EKS Anywhere supports fully airgapped deployments where the cluster has no internet connectivity. All container images and packages are mirrored to a local registry.

bash

# Configure registry mirror in cluster.yaml for airgapped deployment
apiVersion: anywhere.eks.amazonaws.com/v1alpha1
kind: Cluster
metadata:
  name: airgapped-cluster
spec:
  # ... other spec fields
  registryMirrorConfiguration:
    endpoint: harbor.internal.example.com:443
    port: "443"
    caCertContent: |
      -----BEGIN CERTIFICATE-----
      ... your CA cert ...
      -----END CERTIFICATE-----
    authenticate: true
    mirrorNamespaces:
      - public.ecr.aws

Deployment Mode	Network Required	Image Source	Use Case
Connected	Full internet	public.ecr.aws	Dev/test, clusters with internet access
Partially airgapped	AWS endpoints only	Combination of ECR and local	Restricted corporate networks
Fully airgapped	None	Local OCI registry (Harbor, Nexus)	Classified, air-gapped facilities, Snow

⚠️

For airgapped deployments, you must mirror ALL required images before cluster creation - including the node OS images, Kubernetes component images, and all curated package images.
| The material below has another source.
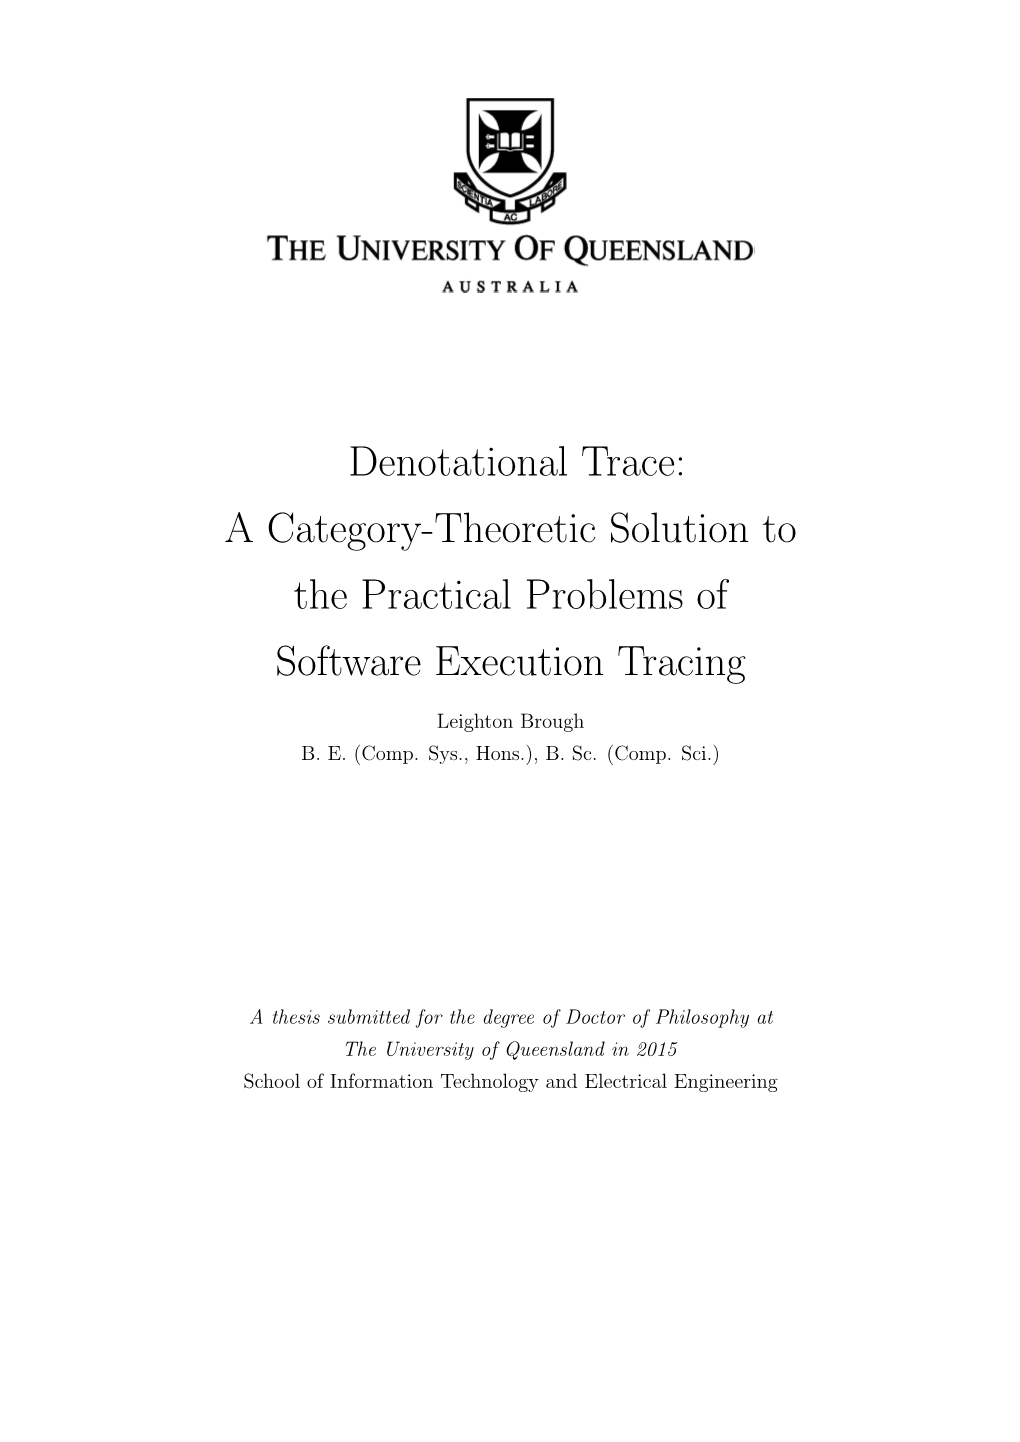 Denotational Trace: a Category-Theoretic Solution to the Practical Problems of Software Execution Tracing

A partial mirror causes cluster creation to fail partway through with cryptic image pull errors. Use the eksctl anywhere download images command to get the full list.

🎯

Interview Focus Points

1What is the difference between EKS Anywhere, EKS on Outposts, and EKS Distro - when would you choose each?
2What business or compliance requirements would lead a customer to choose EKS Anywhere over cloud EKS?
3How does EKS Anywhere manage cluster lifecycle - explain the bootstrap cluster pattern it uses internally?
4What is EKS Connector and what visibility does it provide without requiring direct AWS access to on-premises infrastructure?
5How would you set up an airgapped EKS Anywhere cluster - what are the prerequisites and pitfalls?
6What are EKS Anywhere curated packages and what is the subscription model for them?
7How does EKS Anywhere handle cluster upgrades - what is the rolling upgrade process?
8What networking considerations are unique to EKS Anywhere compared to cloud EKS (CNI options, load balancers, ingress)?